Momenteel is de vzw in dertig gemeenten aan de slag. De aanpak verloopt steeds in drie fasen. De eerste is de opmaak van de inventaris van de trage wegen in GIS (geografisch informatiesysteem). De vzw maakt die inventaris in samenwerking met de gemeente aan en zorgt voor de opleiding van de vrijwilligers die de wegen op het terreinverkennen. De vrijwilligers gaan na of de wegen toegankelijk zijn, in welke toestand ze zijn en of er knelpunten zijn. Ze nemen ook foto’s van elke weg. Fase twee is de participatie.
"De gemeente verstuurt de uitnodigingen om aan het proces deel te nemen," verduidelijkt Hilde Béatse, projectmedewerker Trage Wegen vzw. "We vragen haar alle verenigingen uit te nodigen die in het projectgebied actief zijn, alle gemeentelijke adviesraden, de scholen. Via het gemeentelijk informatieblad en de website worden ook individuele burgers aangesproken.
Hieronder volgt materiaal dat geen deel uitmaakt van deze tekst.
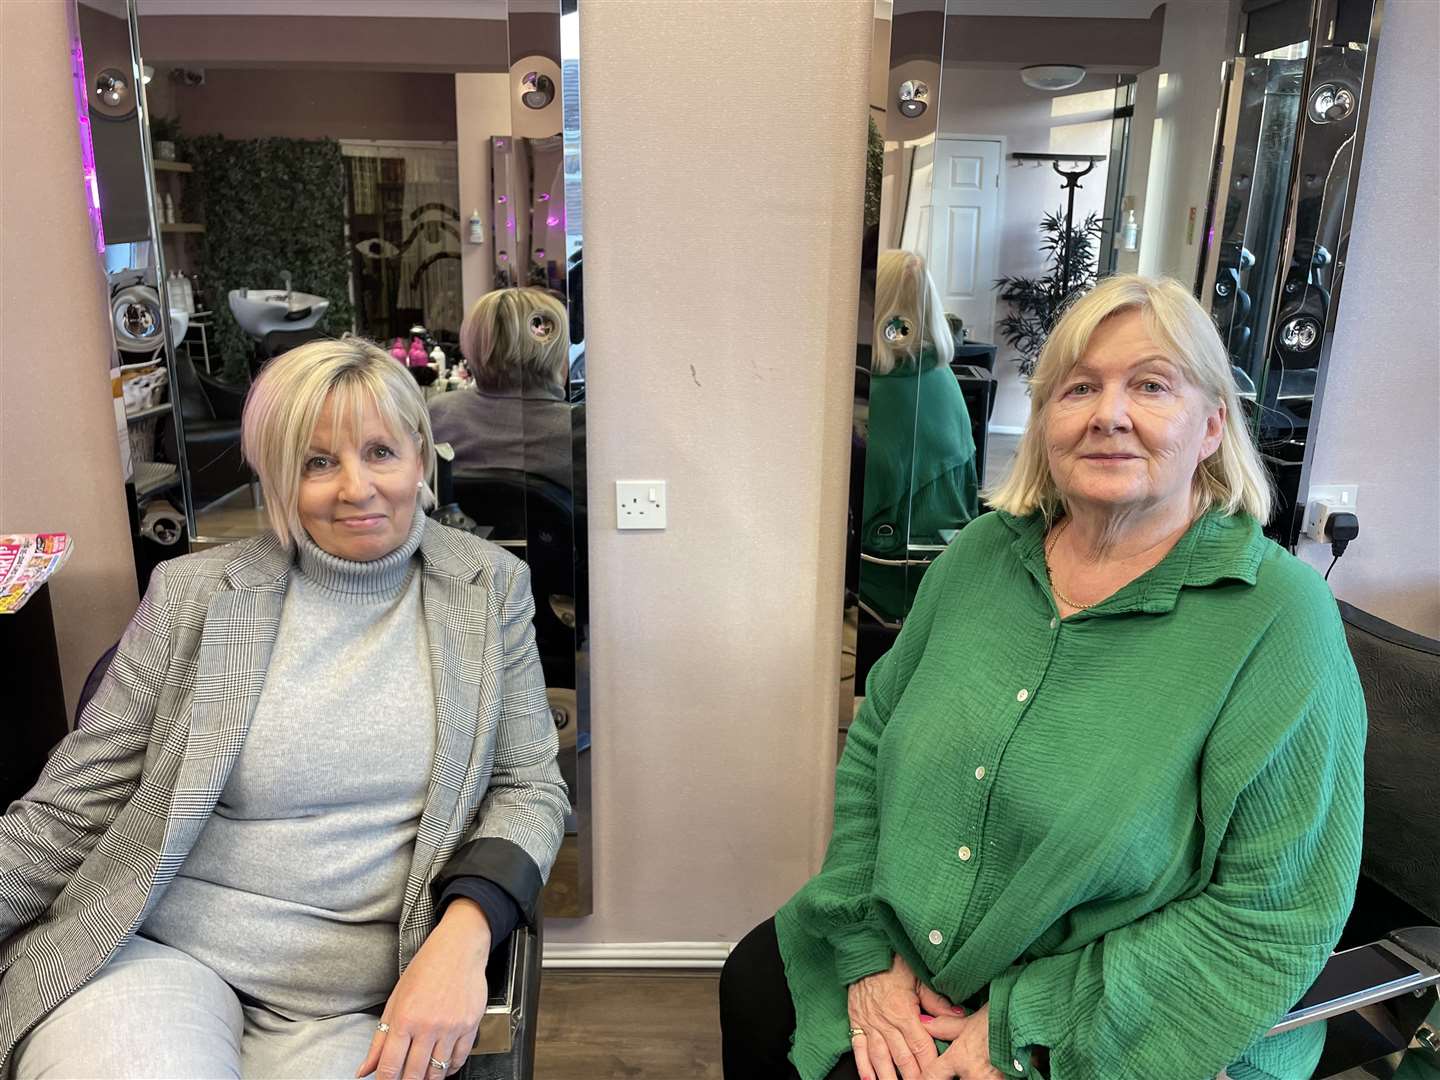 Irene (right) is retiring so has sold the hair salon to a dog grooming business

We organiseren twee vergaderingen. Op de eerste vergadering krijgt iedere deelnemer per trage weg een evaluatiekaart en een vragenbundel mee. Alle informatie die daaruit voortkomt, wordt samengevat en dient als input voor de tweede vergadering. De besluiten van die synthesevergadering zijn de basis voor een adviesnota en een actieprogramma, die aan het gemeentebestuur worden bezorgd. Daarin staan de voorgestelde maatregelen per weg en wordt verduidelijkt waar voor de deelnemers de prioriteiten liggen. Dankzij de participatie van de bevolking en het plaatselijke middenveld hebben we een goed zicht op alle mogelijkheden en functies van de trage wegen in de gemeente. En we creëren een draagvlak om het netwerk te verbeteren."

Werkgroep

MOB13570F02.jpg

Het aantal deelnemers aan het participatieproces varieert van tien tot honderd, met een gemiddelde van om en bij de dertig. Vaak resulteert het traject in de oprichting van een tijdelijke werkgroep van ambtenaren, schepenen en enkele zeer actieve vrijwilligers. In enkele gemeenten is er zelfs een permanente werkgroep Trage Wegen. Hilde Béatse: "Uiteindelijk bepaalt het college de prioriteiten en neemt het de beslissing over de uitvoering van het actieprogramma. We merken dat gemeenten steeds meer vragen dat onze vzw hen ook bij de uitvoering begeleidt. In gemeenten waar dat niet het geval is, kan de werkgroep het verschil maken. Als die wat druk op de ketel houdt, zijn er sneller en meer realisaties. Ook na de uitvoering blijft een sterke werkgroep belangrijk. Als er weer problemen opduiken met een trage weg, zoals een ontoereikend onderhoud of ontoegankelijkheid, dan worden die meteen gemeld aan de gemeente. Gedreven vrijwilligers houden de aandacht voor het netwerk van trage wegen gaande."

Het aantal deelnemers aan het participatieproces rond een tragewegenproject varieert van tien tot honderd, met een gemiddelde van om en bij de dertig.